Clare Malone: I think their vision for CBS is basically like, and they said this, "We've listened to too many experts and elites. We're going to listen to you, the American people." Now, of course, all reporters want to go out and talk to people, but there are also experts who are experts in things that we reporters are not. There was a lot of pushback about that. What does that actually mean? I think in the rollout of the show, which again is still relatively new, there have been choices that were made.
I think the most visible one was the anniversary of January 6th. The leading network evening news, ABC, David Muir, did a two-and-a-half-minute segment within a what? 20-minute broadcast. Tony Dokoupil, that same night, came at the end of the show, it was 15 seconds, and then he followed it with a segment on Marco Rubio, Florida Man memes. The tone of the news is quite different. Now, there are also, I think, perfectly normal segments on Tony Dokoupil's version of the CBS Evening News, but they are definitely leaning into the "We are the center ground space."
I think you'll talk to seasoned TV producers who will say, "Okay, good luck winning over hard-right viewers to your network. Those people are addicted to Fox News, so what are you doing?" Maybe they have a brilliant plan for this. See the digital expansion, but it is certainly a different product with softer edges, I guess, in an era of extremely hard news.
Alison Stewart: Someone texted us, "Good luck with that Walter Cronkite thing." I would say I worked at CBS News for three years. I have opinions about it. The Tiffany Network. Some folks there are incredibly smart. Often, many of them are very arrogant. They are very stuck in their ways. I spoke to someone who works at CBS News, and I said, "What's going on? What's happening?" They said, "I don't know." The answer was, "I don't know." What does that tell you based on what you've reported and what you've written about?
Clare Malone: I think it's first of all notable that in the past couple of days, they have offered buyouts to people at the CBS Evening News who, I think, they phrased it, "If you don't believe in our vision--"
Alison Stewart: "Hit the road. There's the door."
Clare Malone: "Hit the road." Yes, "There's the door." That will be coming in the next couple of weeks or a couple of months. There are layoffs widely understood to be happening soon. These are the first layoffs that Weiss will be in charge of. I think that there is going to be a culling of the herd. Now, will that be ideological, or will it be the kind of "Are you with the plan or not?" That is a question-
Alison Stewart: That's good. That's an important question.

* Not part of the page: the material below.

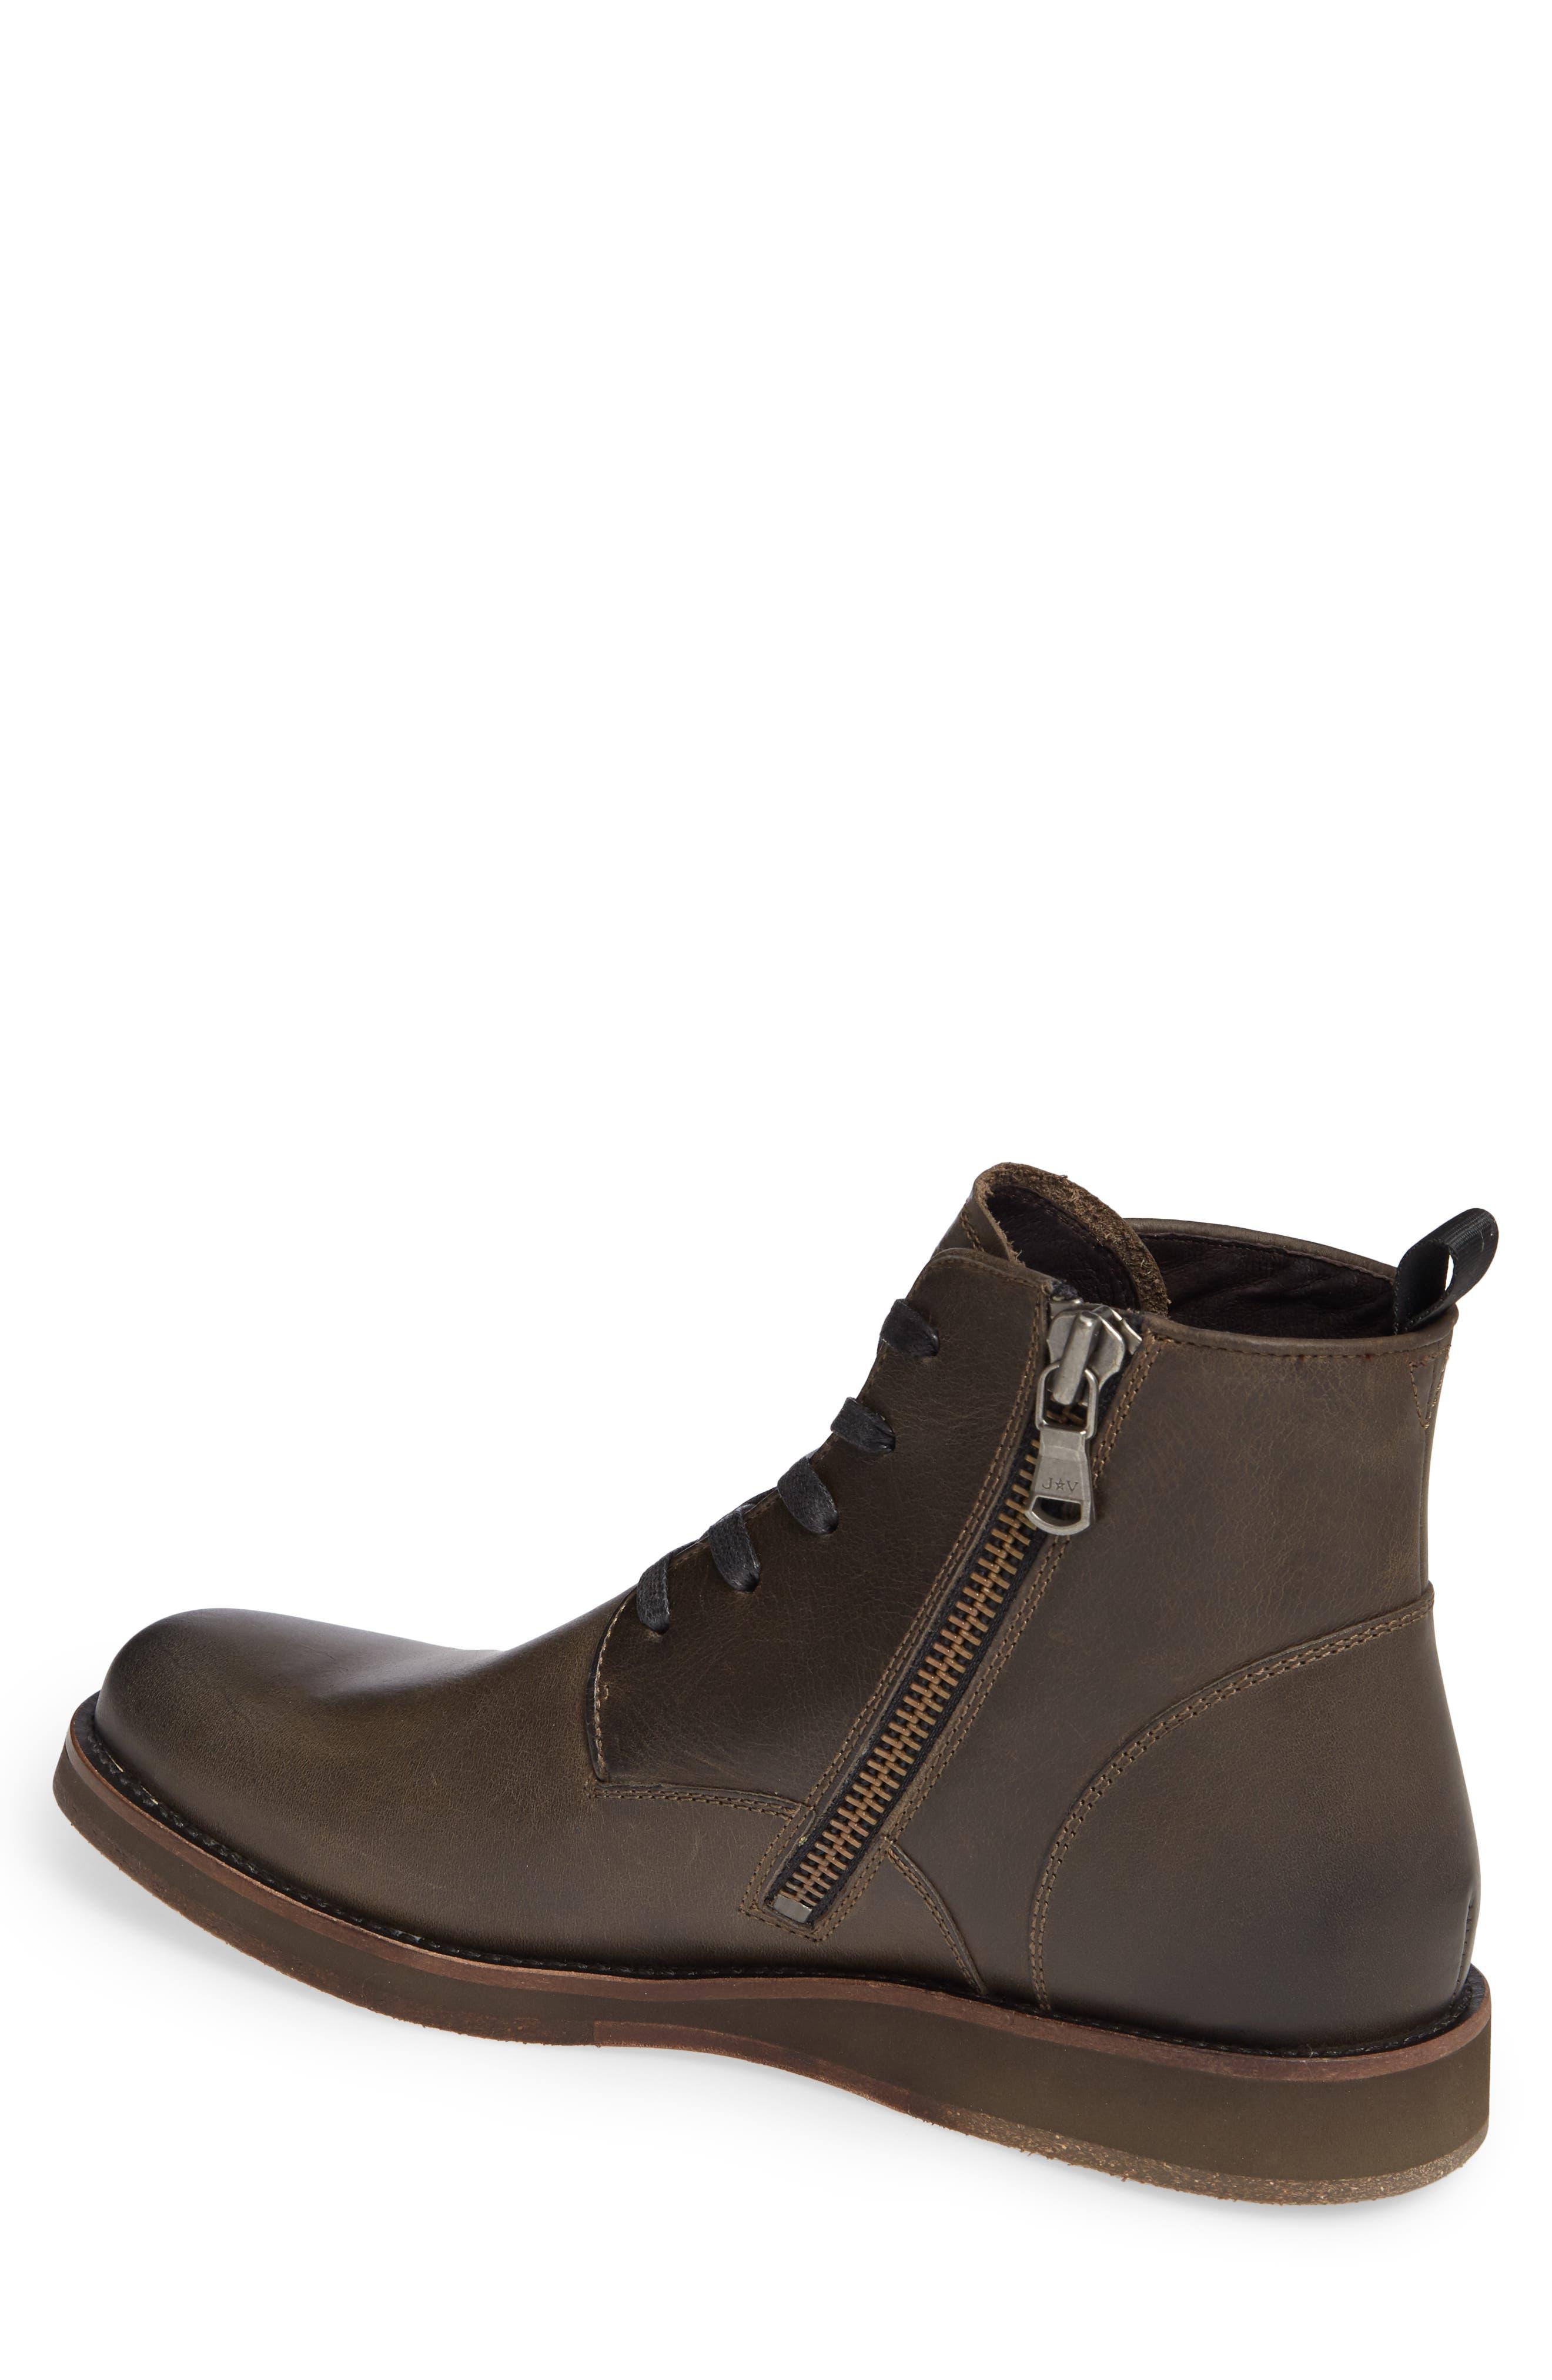 Brooklyn Plain Toe Boot,                             Alternate thumbnail 2, color,                             BLACK LEATHER

Clare Malone: -I don't know the answer to, and I don't think people inside the network know the answer to. I think Bari Weiss, if she were sitting here, would say, "I want the ideological diversity, but I want people who are down with the plan. I want the younger, smarter thinkers." Listen, The New Yorker did a lot of reporting about 60 Minutes' culture in particular as being very political, lots of gender harassment.
Alison Stewart: All true.
Clare Malone: Yes.
Alison Stewart: I worked there.
Clare Malone: A place that has a very difficult, calcified, sclerotic culture, I think, as Weiss would say. I don't think people know what's happening there. I think some people are like, "Get me out of here. I don't want to be part of this," and some people, TV pays well, let me tell you that. TV pays a lot better than print journalism. I think a lot of people, it's to their financial benefit to try to figure it out and make it work. This is a huge platform.
Those are all real things that are going on, but I do think it's a real moment of uncertainty. What does her vision actually look like? I don't think we can really tell, but I don't think it will be-- I think it looks a lot more like Andrew Huberman as CBS contributor than Walter Cronkite.
Alison Stewart: You should read the piece. It's called Inside Bari Weiss's Hostile Takeover of CBS News. New Yorker's Clare Malone has been my guest. Thank you so much for being with us.
Clare Malone: Thank you for having me.